I think we should all refer to Martin Brodeur the same way ESPN’s venerable John Buccigross did on Saturday night. “Marty, Marty, the one-man party.”
After eclipsing a third consecutive 40-win season in Colorado on Saturday (his seventh overall), the game was more of a celebration of his career than a rematch of the 2001 Stanley Cup Finals. This wasn’t due to the fact that Colorado lacked an offensive punch, but rather due to how Brodeur shut them down. Some of his saves in that game were downright eerie, as he sensed the puck rather than saw it with his own eyes and made numerous acrobatic moves like Dominik Hasek hopped up on caffeine.
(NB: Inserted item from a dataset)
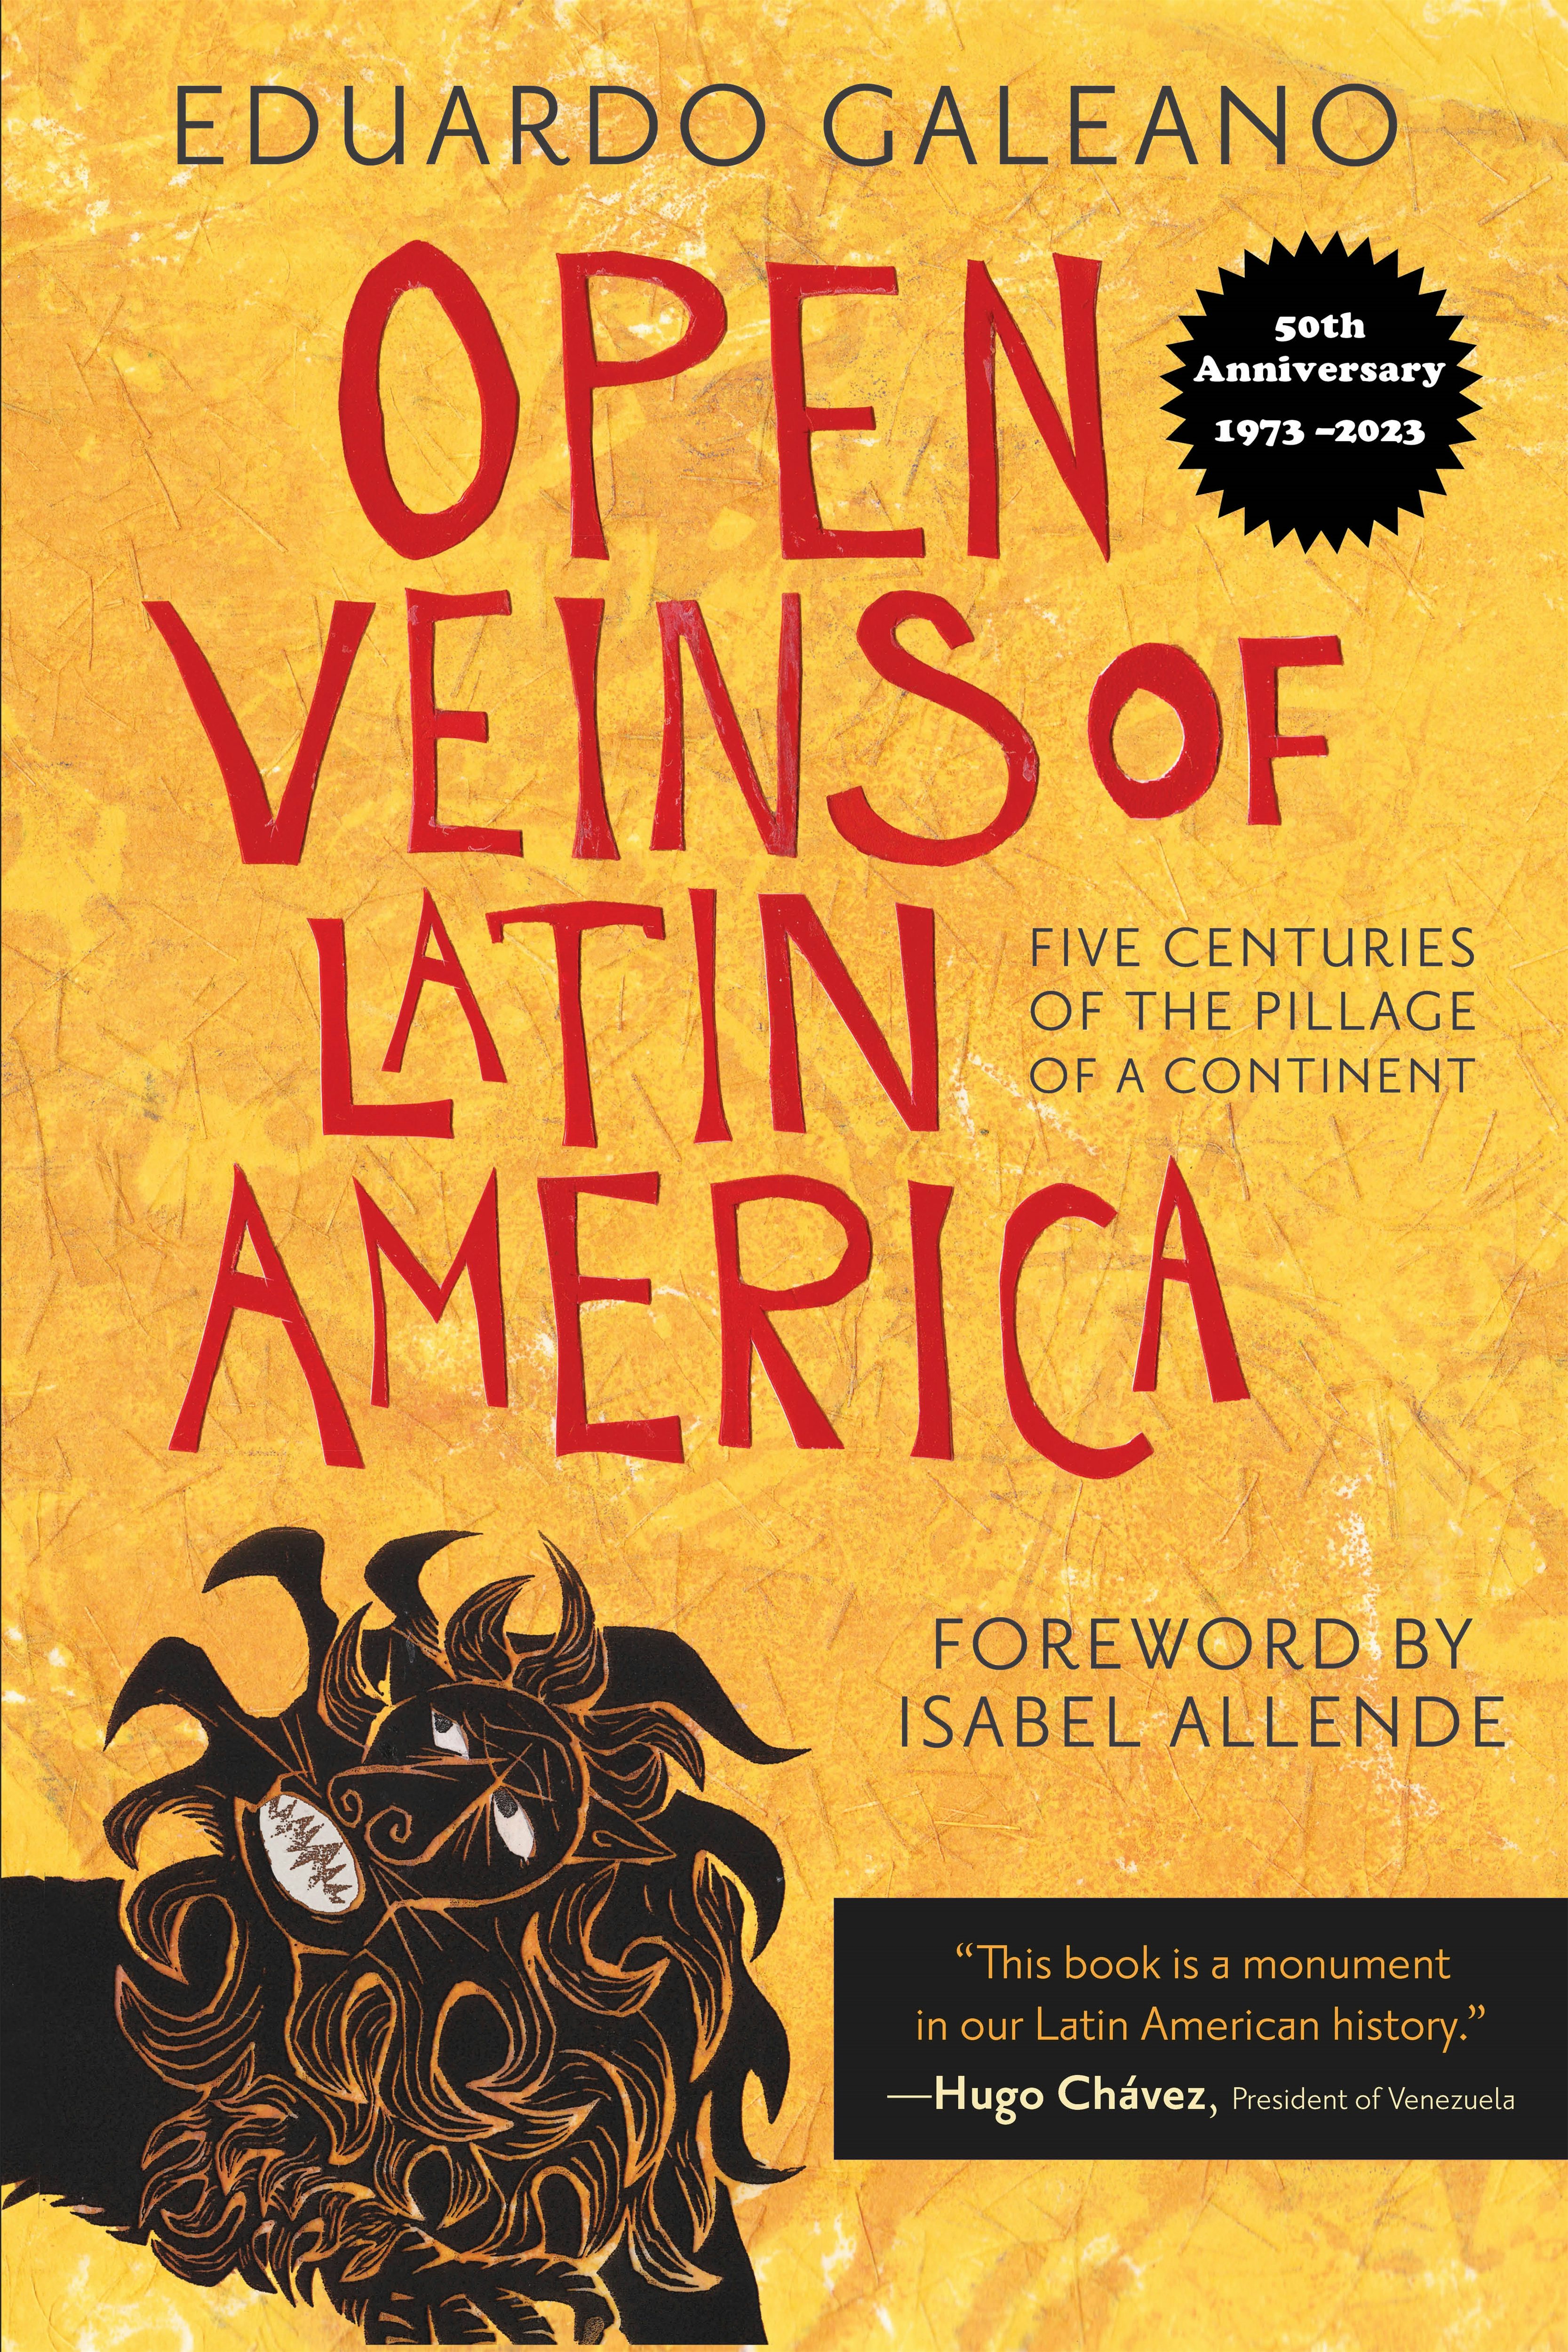 open the veins of latin america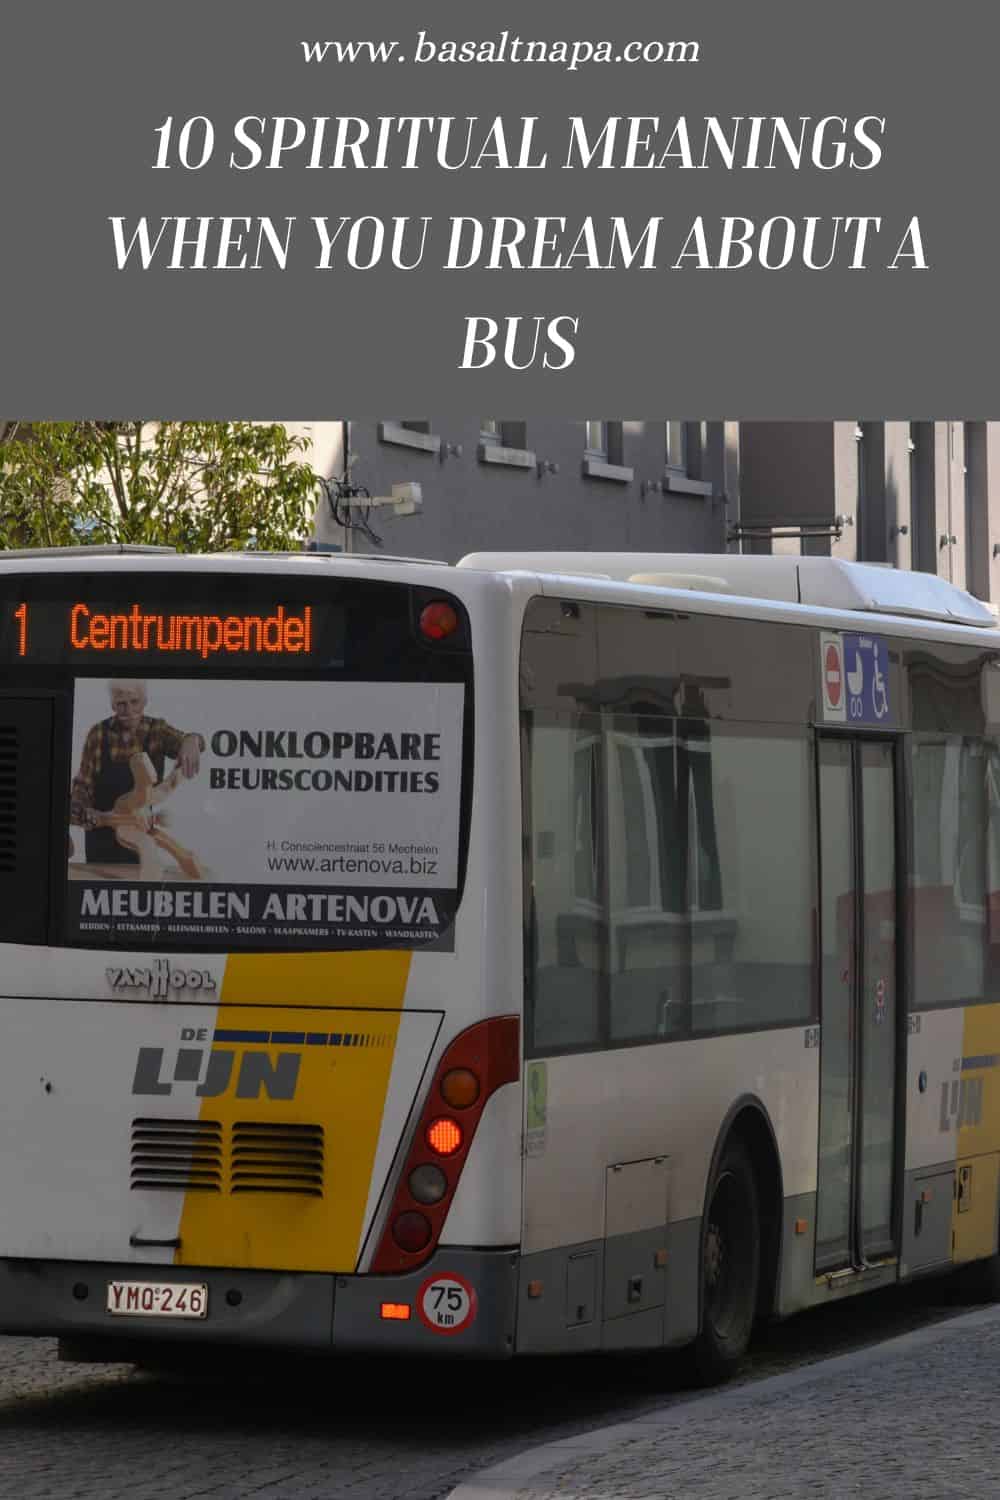  12 Bus Dream Interpretation

Brodeur’s best save came early in the third period when he pulled off a perfect two-pad slide and used the handle of his stick to keep the puck from passing the goal line after it was chipped over his pad.
“I knew it was there, but I can’t get there,” he said to reporters after the game. “In desperation, I threw my stick back and got lucky.”
Lucky, sure, but he put himself in position to make that save and he sensed the puck on the goal line, which is more than any other goalie could do. Simply put, Brodeur is the Peter Forsberg of goaltenders. He slows down the game and all of the plays around his crease. His masterful stick handling and passing vouches for his domination of the position, his awareness is uncanny and his style – albeit the old school classic half-butterfly – is graceful and pure. He automatically makes everyone around him so much better and he can ignite a fire in his teammates and lead them to the top of the Eastern Conference at any given moment. More importantly, he’s always smiling and having fun.
It looks like when his career is all said and done, the ultimate argument will be who was better, Brodeur or Patrick Roy? They both won Stanley Cups and they both won over 500 games. But that’s a discussion for a later date. Right now, only one team can stop him from winning the East, and that looks to be the Montreal Canadiens.
Home is Where the Heart is for Halak
Many expected the Canadiens’ rookie goalie tandem to play well but that their lack of experience would hold them back when it came time for the playoffs. Well, both have been playing great, but nobody expected them to play this well. Now they are out to prove that not even the pressure of the playoffs will slow them down.
Jaroslav Halak pitched a shutout in a 3-0 victory over the New York Islanders on Saturday by making 30 saves, picking up where he left off last year. I’m referring to a streak at home where he went 7-0 and collected two shutouts in that stretch.
Carey Price may have dropped an 0-3 loss to the Ottawa Senators just a few days prior, but he’s playing well in his current 3-3 stretch and he’s not allowing the losses to drop his confidence level or faze him. Plus don’t forget his last win was a 4-0 shutout against Marty, Marty the one-man party.
It’s always interesting to see how a young superstar comes back from a lengthy injury and responds to adversity. Fleury faced an even tougher challenge than most goalies put in this position, mainly due to the fact he’s a former first-round draft pick and a resurgent Ty Conklin was in his way of playing more.
But Fleury has responded with some great play and it’s not because he’s well rested, totally healthy or has quicker feet. It’s his actual positioning. It may not be noticeable at a quick glance or even over the course of a game, but look really close when a faceoff is in his zone and you will notice that Fleury has narrowed his stance. He’s standing up a little taller in his crease. What does this do for a young goaltender?
It gives him more strength and power to move laterally either while on his skates or down in his butterfly. It also allows him to be more efficient while pushing side to side, which improves his positioning and keeps him from having to scramble back into position. This is just another step in the refining process of Fleury’s game, and it’s only going to result in better performances.
Giguere to Sweat A Lot More
Chris Pronger’s suspension doesn’t only put a kink in the Western Conference standings; it also puts a lot of extra pressure on J.S. Giguere. Although he still has Scott Neidermayer and Mathieu Schneider in front of him, lacking Pronger’s presence on the ice for the remainder of the regular season will make Giguere, who has a history of dehydration, sweat just a little bit more.
The final ten games of the season will be a much more tiring stretch for the goalie, but whether or not it will affect his stamina in the long run remains to be seen. But now there’s a variable injected into the Ducks’ run for a second straight Stanley Cup and how they handle the loss of Pronger will ultimately become a result of how well Giguere can handle the rising number of scoring chances.